The technique chosen is Japanese mokuhanga printmaking which uses natural materials – wood and water – both in generating the matrix and in the inking process. Manual engraving devoted to the more expressive actions is juxtaposed to laser engraving for the more repetitive structures and grids, mixing up manual methods with digital manufacturing.
Methodology
In methodological terms, all the prints are inspired by the boundary lines drawn between two nations. Boundaries such as these, as shown on digital maps, are reinterpreted and transformed in expressive ways and measured up – even juxtaposed – to the representation of patterns, fragments and marks deriving both from satellite images and photographs and images, often of nature, collected during surveys of the various locations.
The project focuses on boundaries-frontiers seen through a range of filters both physical and cultural responding to line-joining-up-points rigour generating an emotional cartography which starts from physical representation, cites the reproduction scale and then uncouples from the recognisable atlas to generate an emotional one.

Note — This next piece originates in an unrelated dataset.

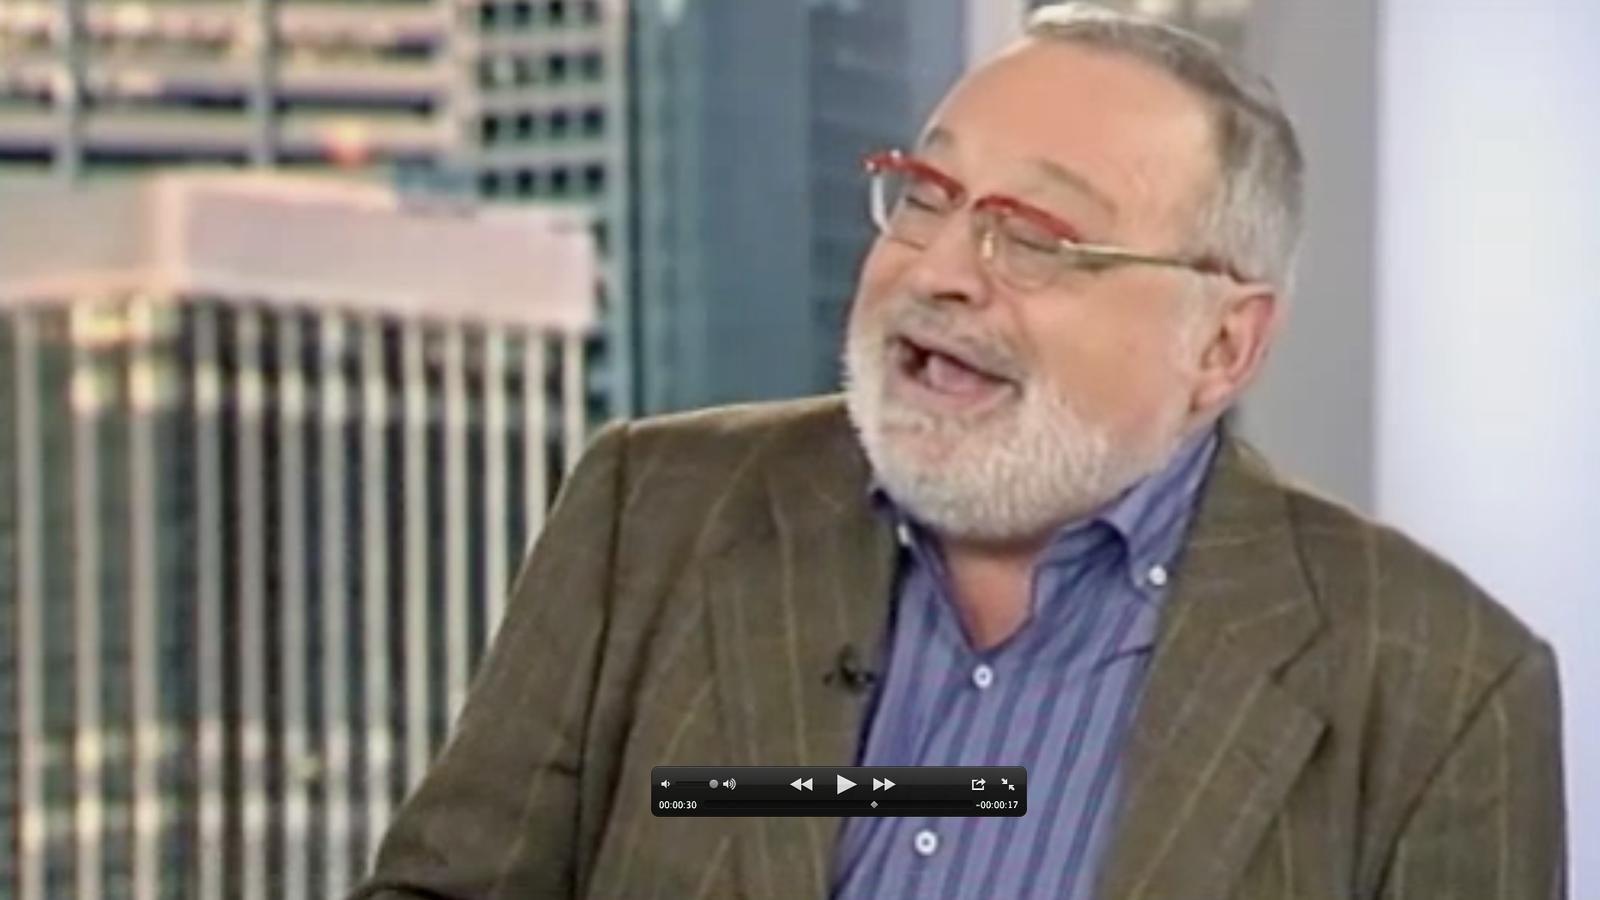 Fernando Savater diu en una entrevista que gràcies al terrorisme s'ha mantingut actiu i s'ha divertit molt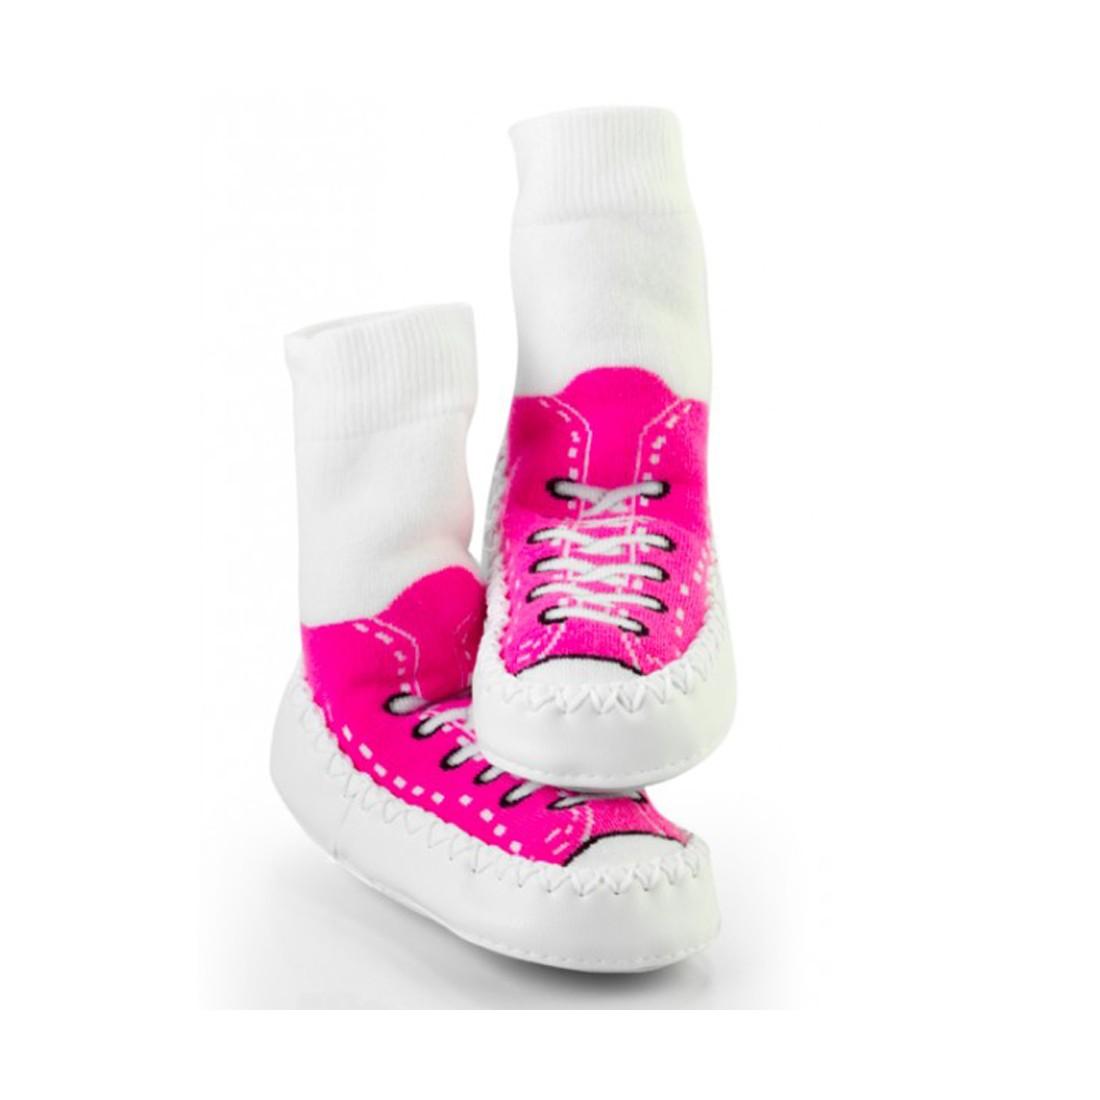 Chaussons-chausssettes pour bébé Mocc Ons

In this sense the potential offered by printmaking, proceeding in levels, becomes significant also in restoring the stratification of the various languages and offering up a transparency process.
The technique
The format
The project as a whole is structured around square proportion matrices and identical sizes. This makes it possible to combine all the graphics developed in a modular way, making the decision to structure the visual information in strata structural and not only expressive.